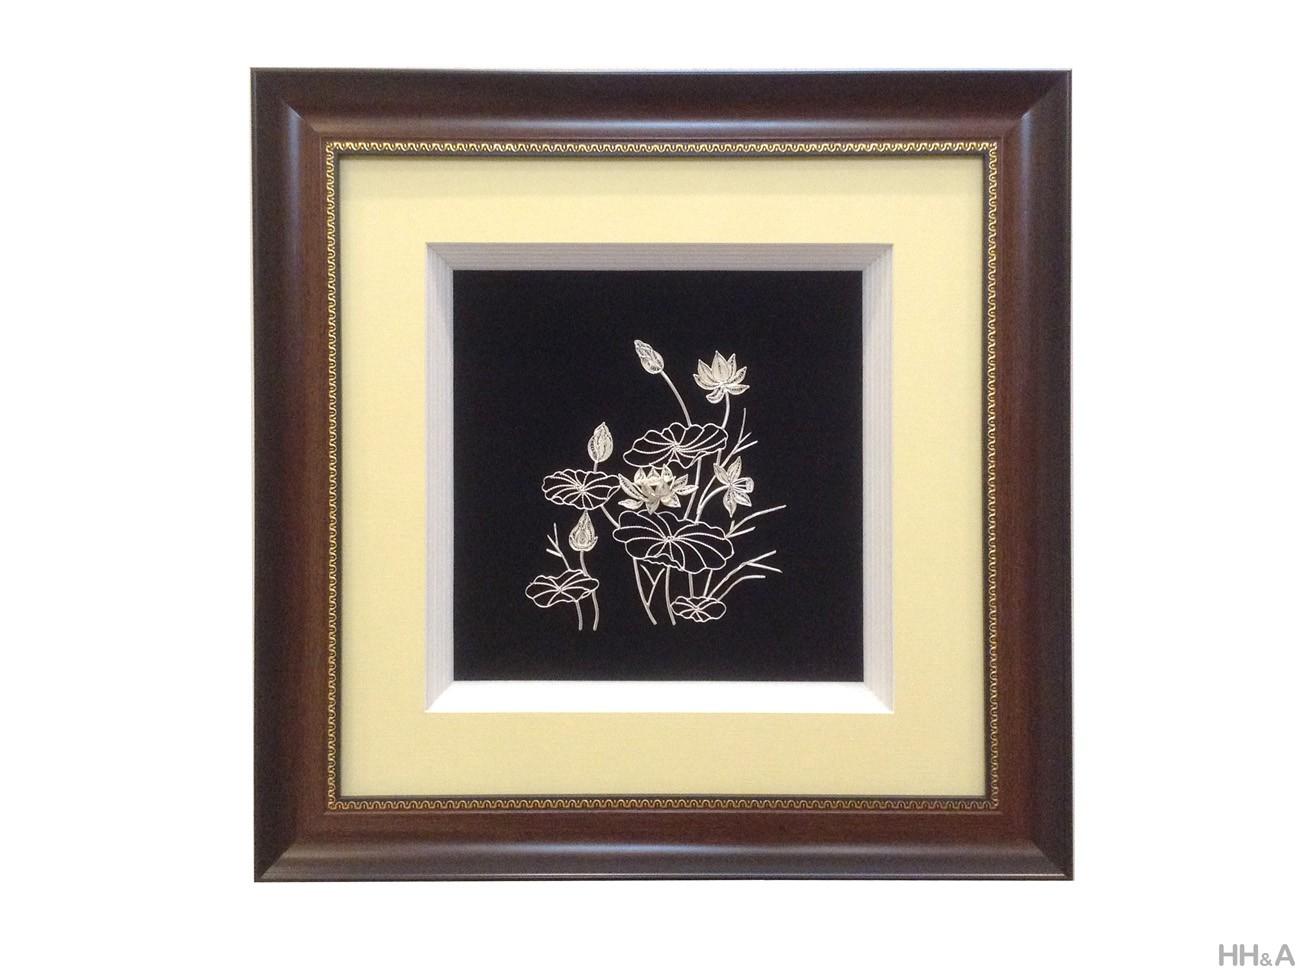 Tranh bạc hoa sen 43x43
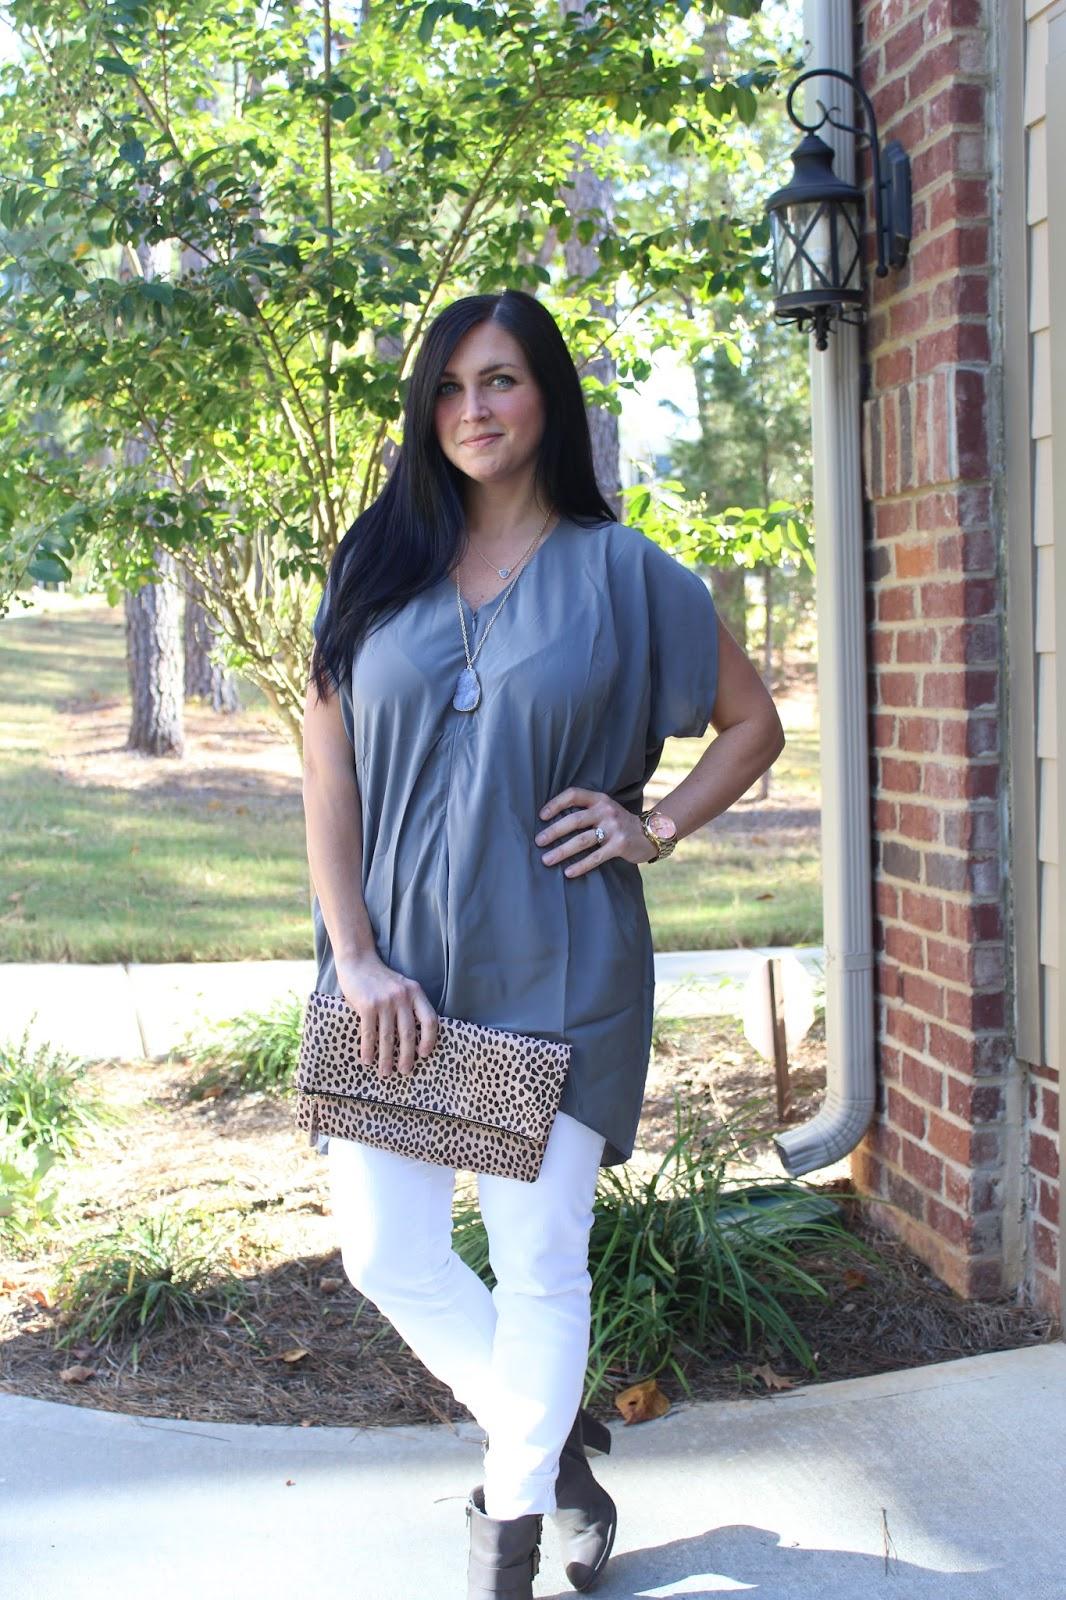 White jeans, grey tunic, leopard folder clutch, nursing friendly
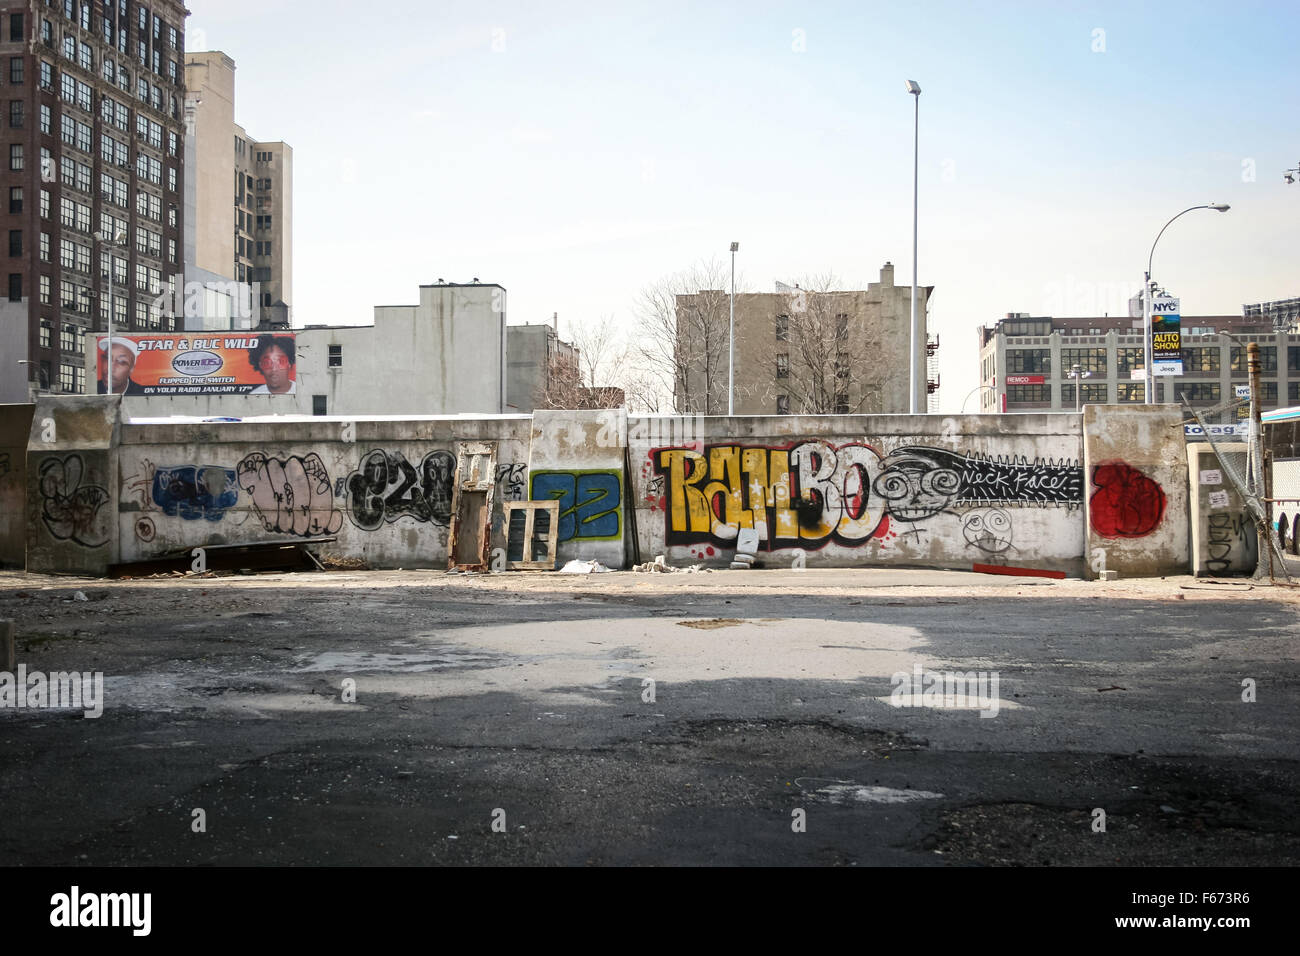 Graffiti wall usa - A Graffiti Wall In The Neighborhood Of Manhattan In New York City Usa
---
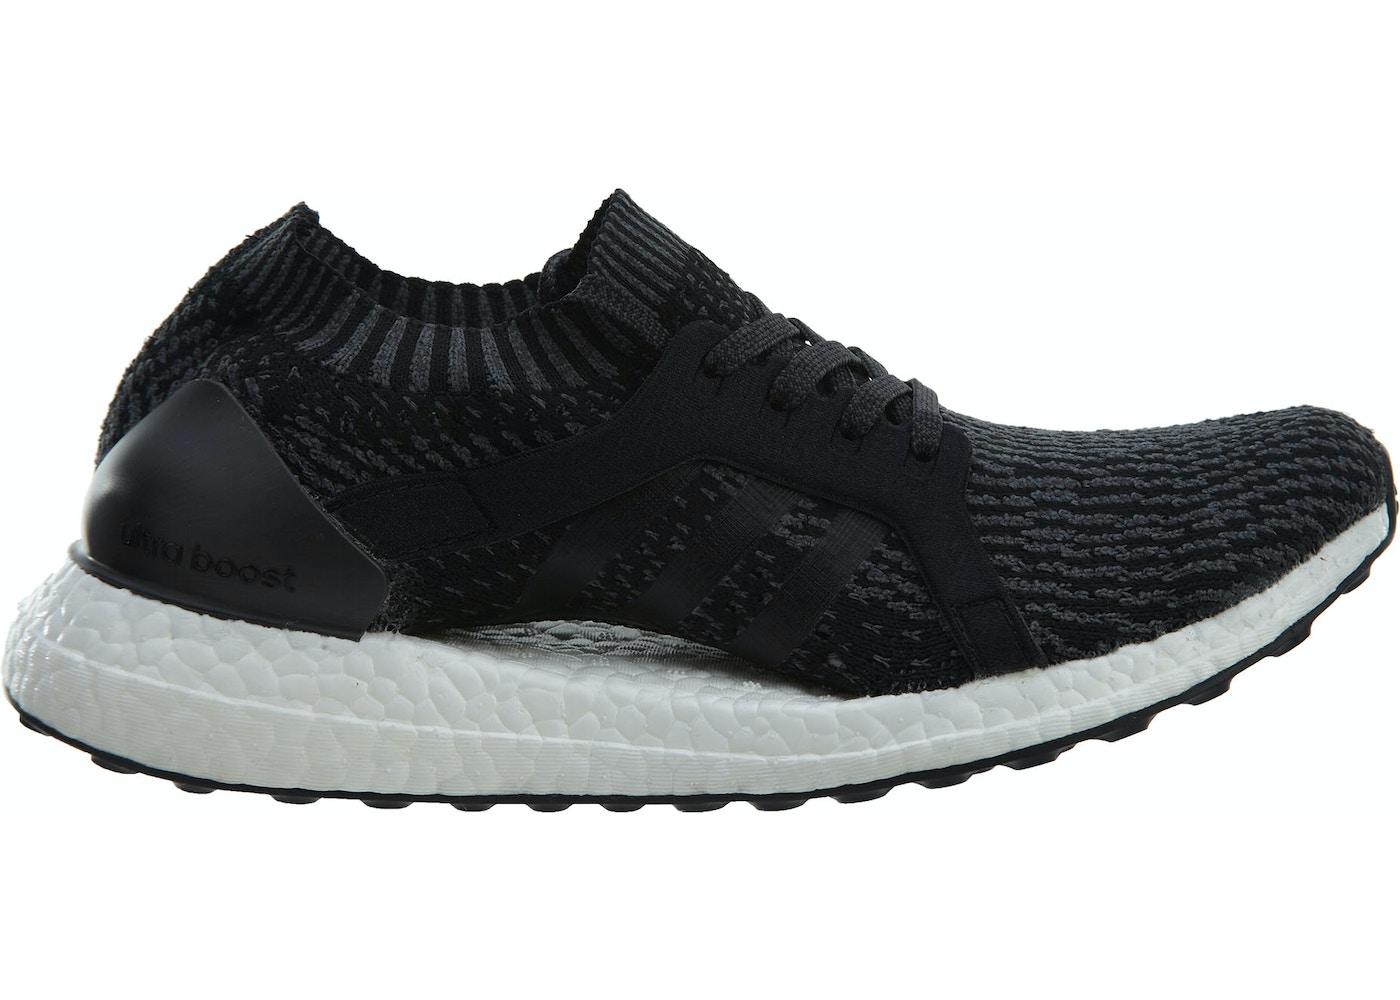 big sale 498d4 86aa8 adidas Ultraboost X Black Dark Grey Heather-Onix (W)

**What is required**
Quote word for word only the lines above from the one containing "Tranh bạc hoa sen 43x43" through the one containing "Graffiti wall usa". Pictures stay out of your copy.

**Solution to the problem**
 Tranh bạc hoa sen 43x43
 White jeans, grey tunic, leopard folder clutch, nursing friendly
 Graffiti wall usa - A Graffiti Wall In The Neighborhood Of Manhattan In New York City Usa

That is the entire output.